You know, its ironic really. Just about two hours ago, I was talking with Dan, and shared with him that I was finally starting to feel a bit of relief financially. That had been true. The dark clouds were receding, and I was starting to feel the warmth of hope.
Then the mail came.
Insurance costs at work just about doubled.
There goes the cushion.
There goes the budget.
No matter what I do, how I add it, we are back to being over budget. By $100 a month. Thats with minimal bills, nothing extravagant, one vehicle, home cooked meals bought at the cheapest grocery store in town.
It doesnt account for new clothes for growing kids, or for a savings account for the “bad day”. It doesnt account for the bigger home we will need very very soon. It doesnt account for any trips, vacations, household needs or fun outings for kids who go nowhere as it is.
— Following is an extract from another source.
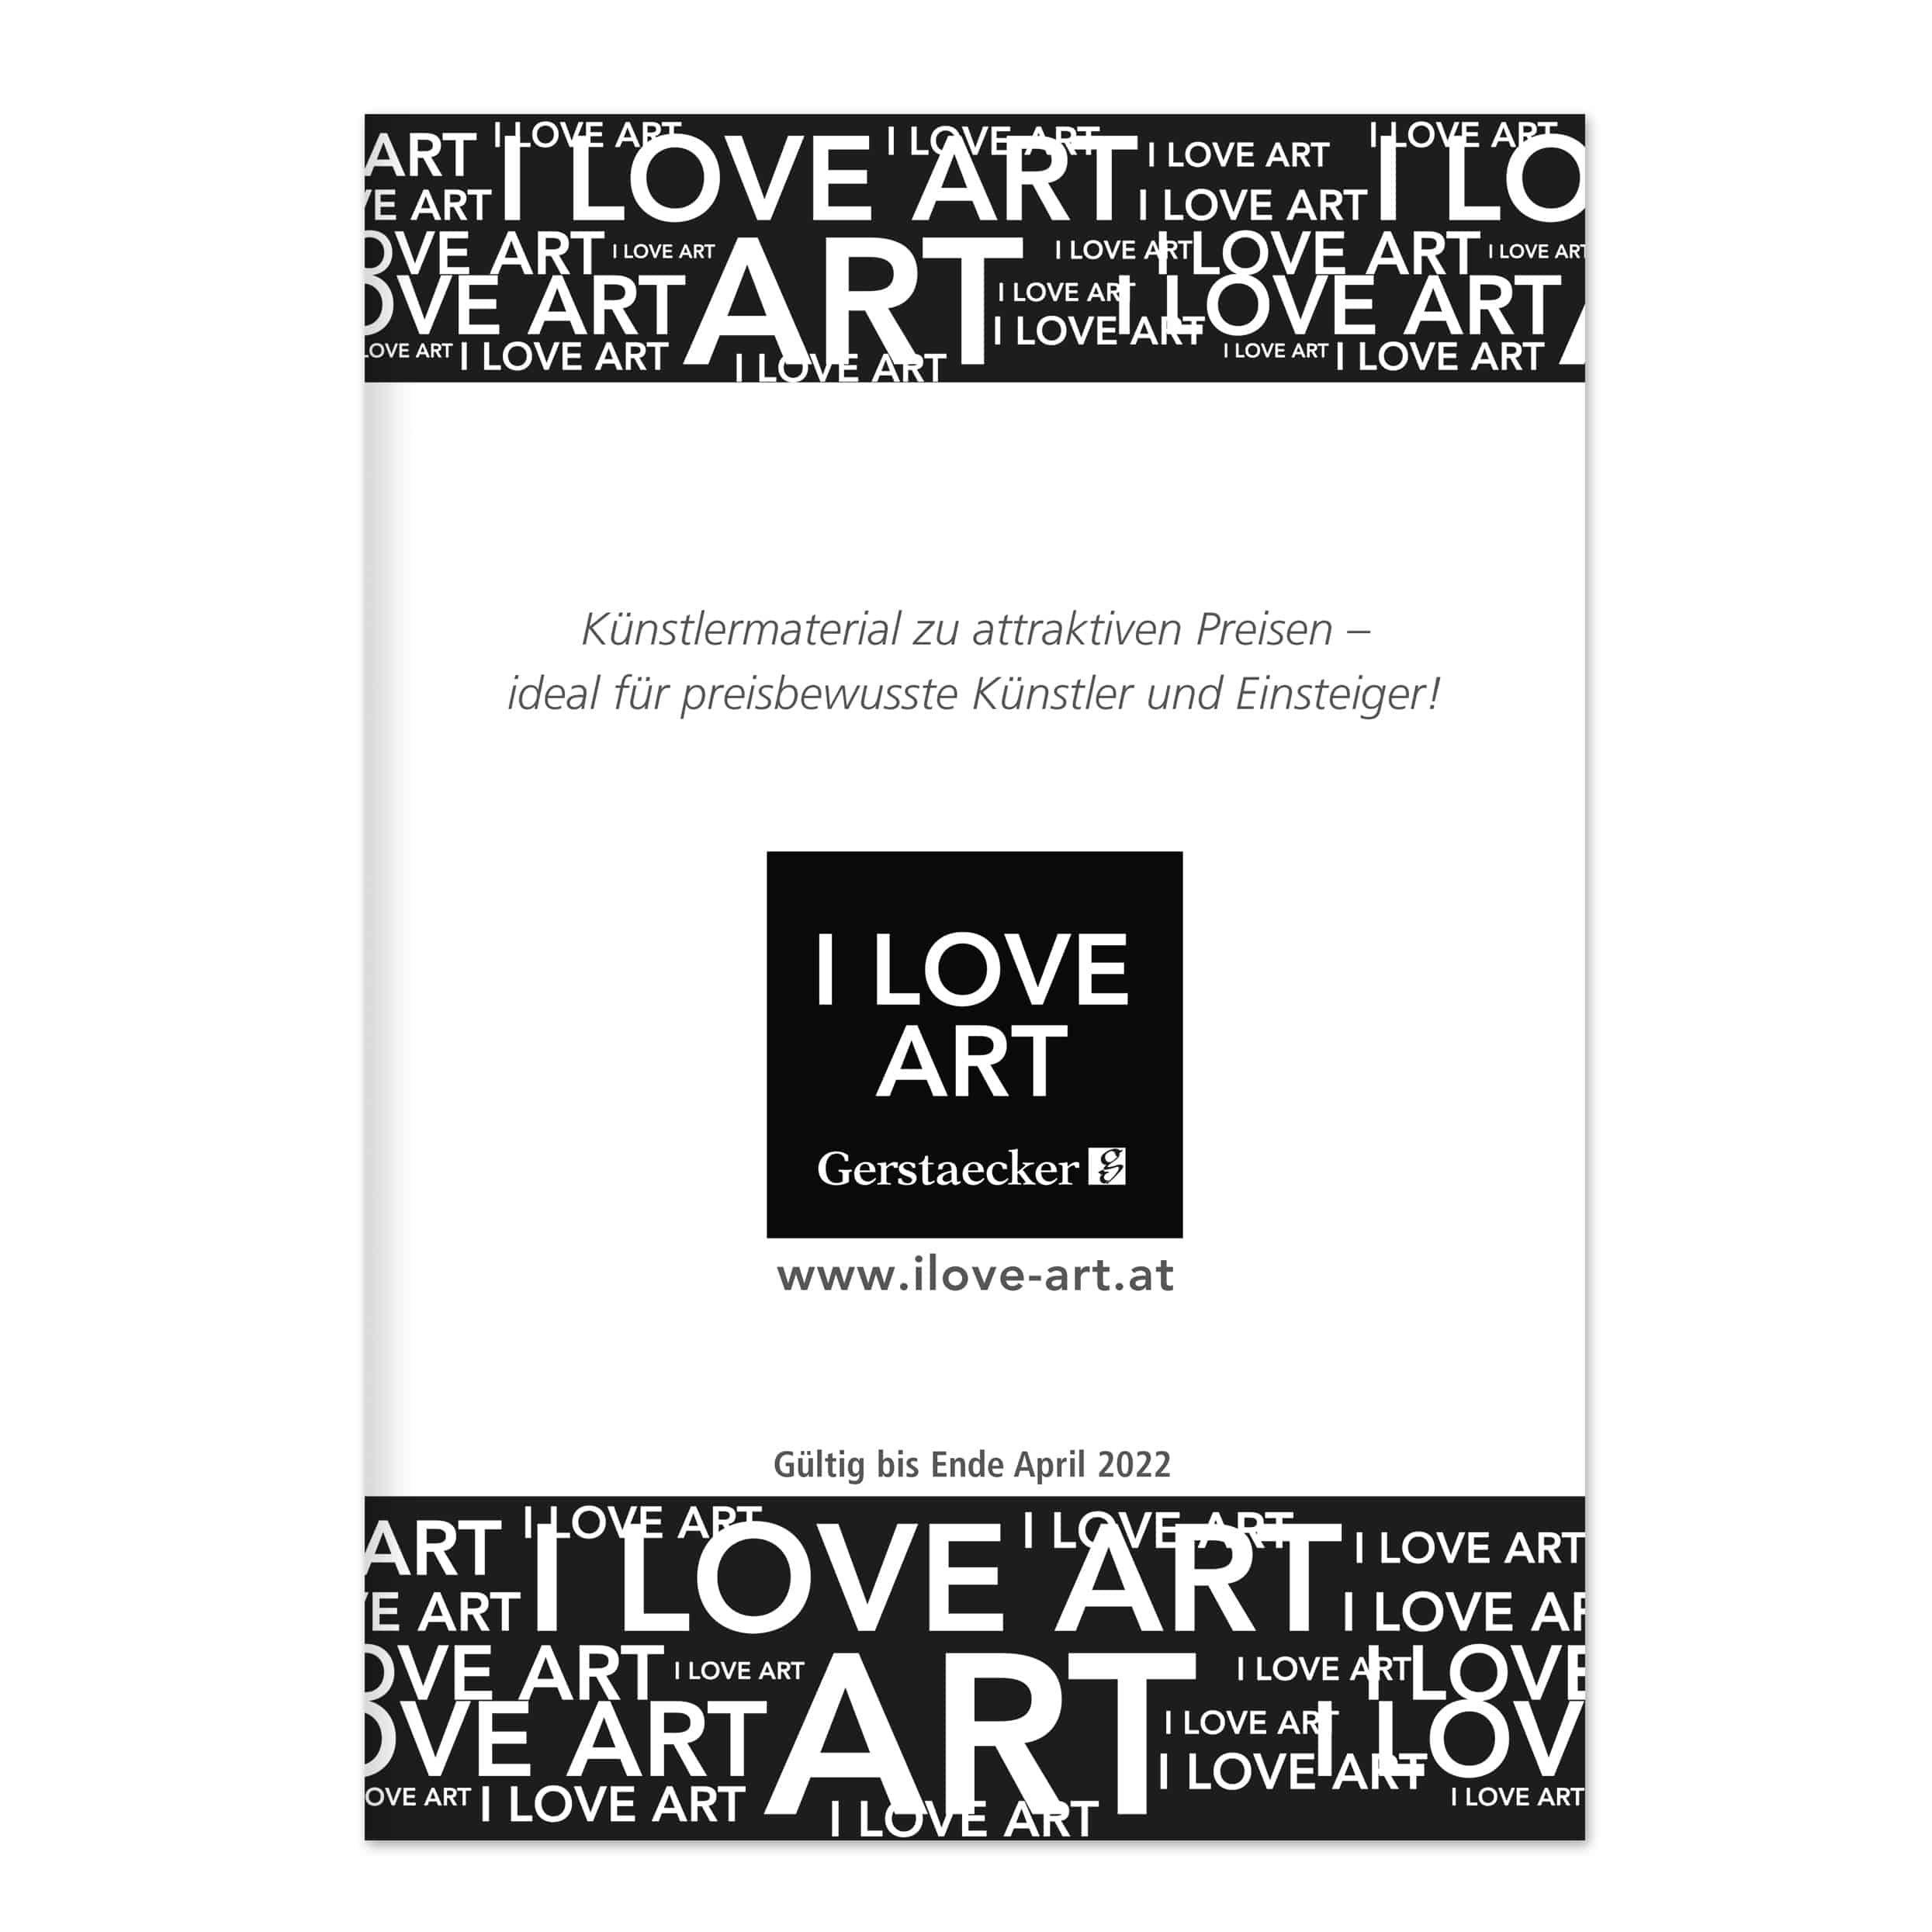 I LOVE ART Broschüre 2021 - jetzt bestellen!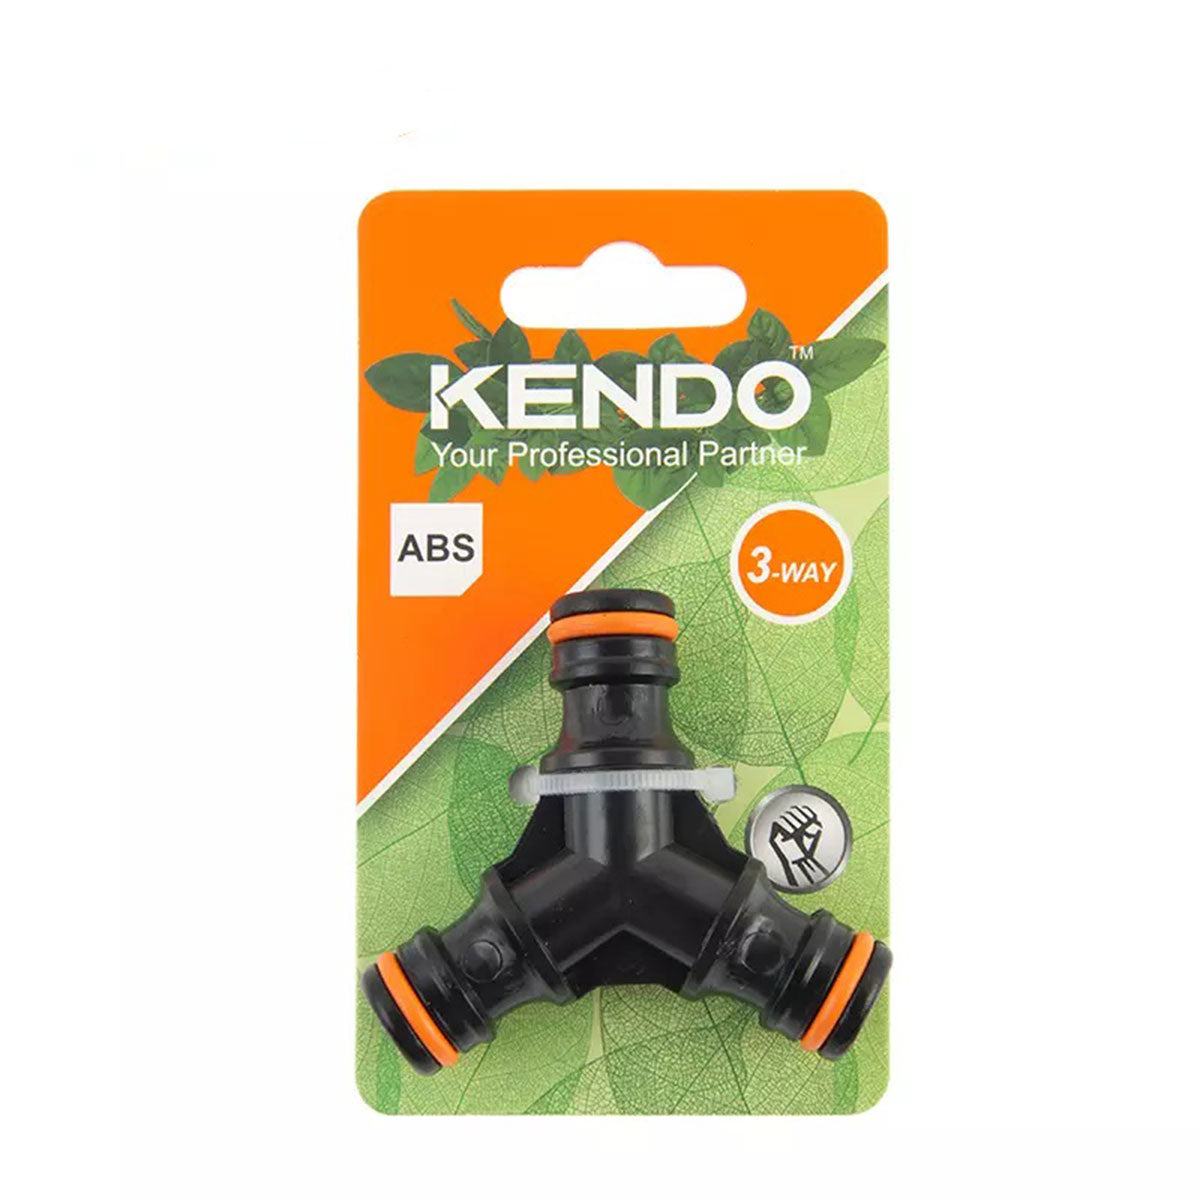 Kendo 3-Way Hose Connector

When Dan got hired at HP, I was thrilled. I did the math and was pleased to see that our once negative budget was going to have a chance to wiggle, just a wee bit. I had hope that we could afford a crib for Claire, and maybe down the road a new sofa, maybe even a small family vacation, just to get away for a bit, from everything that has haunted us the last year.
Days like this make me hate my life.
All I want is a stress-free life. One in which I can give my kids the little things they want and deserve. One in which I am not 150% stressed 150% of my day. All I want is to be able to look at my bank balance and not have to wonder if I have calculated to the penny, to be sure that all bills clear.
Everyone keeps telling me it will get better, we will be ok, we will make it, good things happen to good people.
Does anyone know when that might happen? Because my calendar isnt showing any such appointment with ” a life of simple comforts”.